Прошу Вас, не смейтесь, в конце-концов, я не философ и не психолог и, скорее всего, мое предположение ошибочно, но мне кажется, под всем этим закостенелым скептицизмом живет дух поэта... Вот Вы смеётесь, а я же Вас просил. Дослушайте мою гипотезу - после нахохочетесь всласть.
Так вот, мы с ним знакомы большую часть жизней, и прежде он был очень пассивным, ничем не интересующимся, ни к чему не стремящимся молодым человеком, во многих аспектах образа своей жизни напоминавшим мне паука. Впрочем, он не брел по тропе жизни, бездумно пялясь вперед. Правильнее сказать, он был скован потребностью наблюдать. Возможно, он взвешивал полученную информацию, делал какие-то выводы по одному ему понятным критериям - тогда я еще не мог сказать наверняка. Но теперь, теперь я, кажется, понял. Видите ли, этот поэт, который загибается в нем, и этот скептик, который в нем процветает, они всегда были двумя гранями медяка его души. Поначалу доминировал поэт. Медленным, но уверенным шагом эта сущность овладевала его мировосприятием, формировала его первые жизненные цели и стремления, заполняла его как рудниковая вода заполняет пустующую чашу. И одно время можно было подумать, что осталось чуть-чуть, что его поэт уж натянул свой парадный костюм и сейчас окончательно и во всеуслышание объявит себя. Но сколь сильным было это чувство, столь молниеносно в один момент оно испарилось.

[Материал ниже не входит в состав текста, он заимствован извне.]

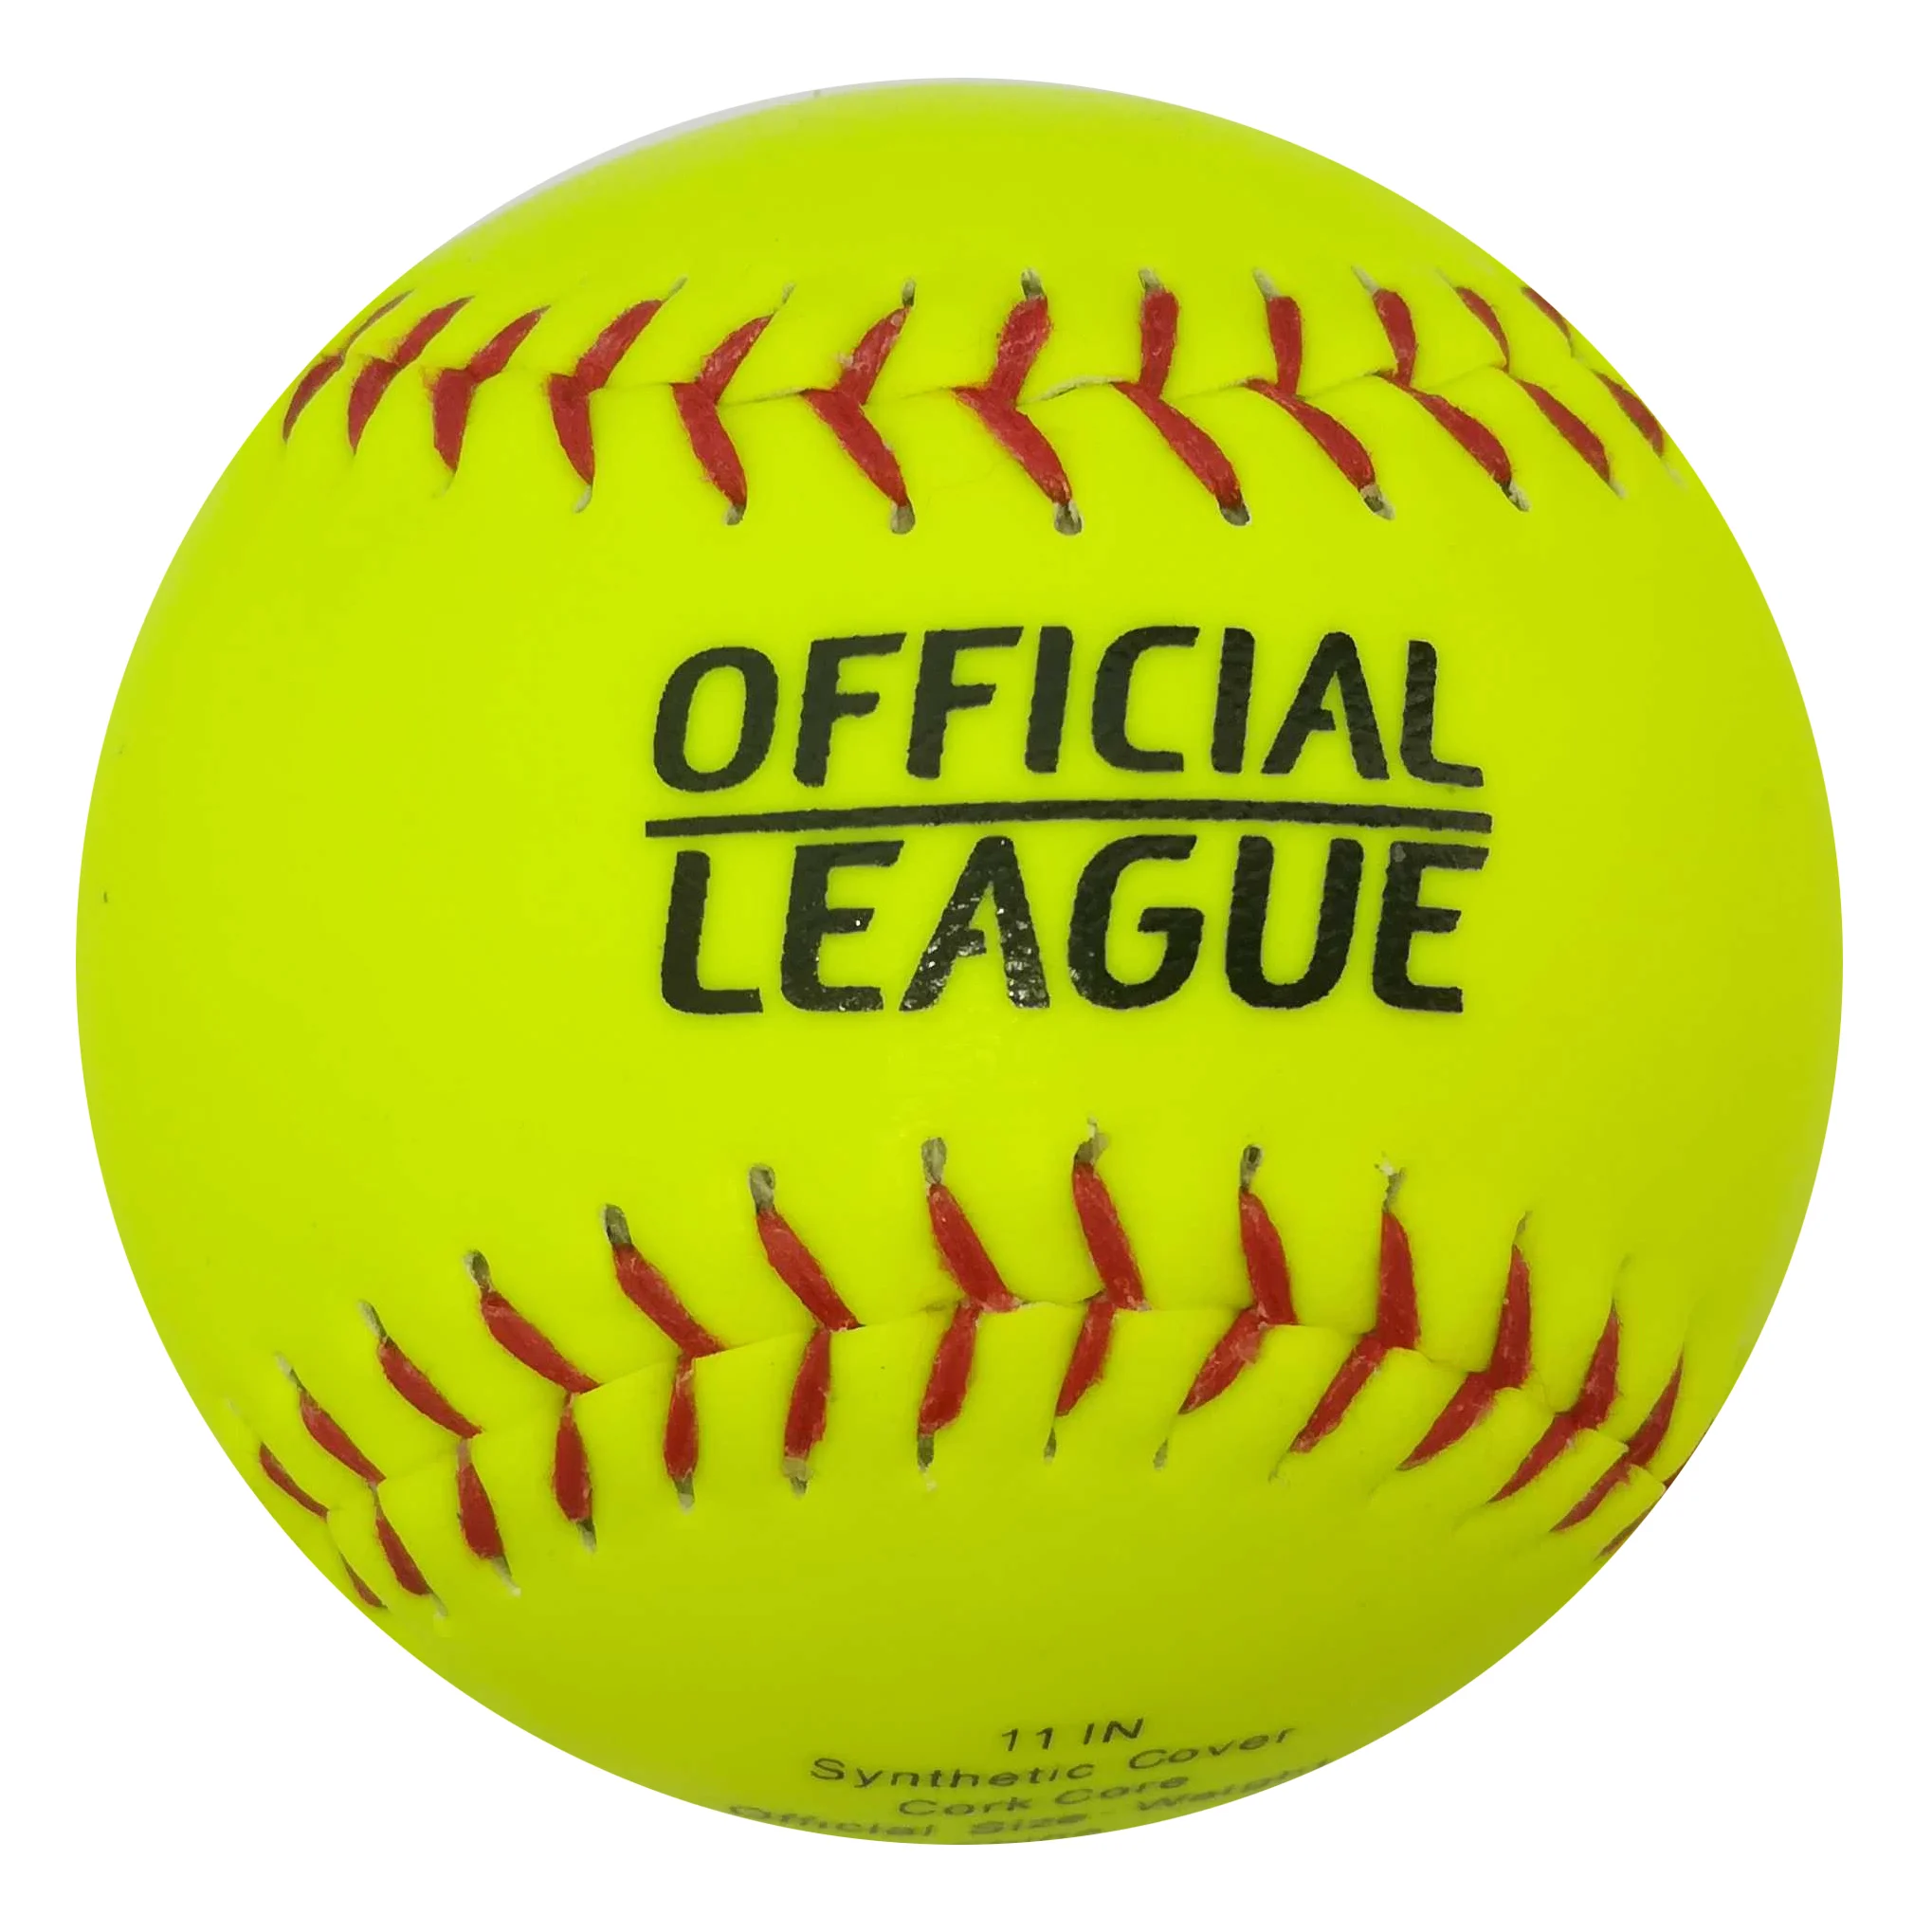 

synthetic leather+ cork core 12'' softball balls custom logo official size and weight training quality softball, Optical yellow

Знаете, столько времени минуло, но до сих пор я не могу понять, что тогда случилось с ним. Просто в один вечер он явился мне на порог такой отчаянно веселый, каким может быть только человек, беспричинно приговоренный к смерти, когда нет надежды на спасение и остается только смеяться над странными шутками судьбы. Он ничего не объяснял и отшучивался на все вопросы, но под конец нашей беседы, уже собираясь уходить, он сказал, обращаясь будто к самому себе: "Это же очевидно. Как можно не увидеть? О, если бы мог...".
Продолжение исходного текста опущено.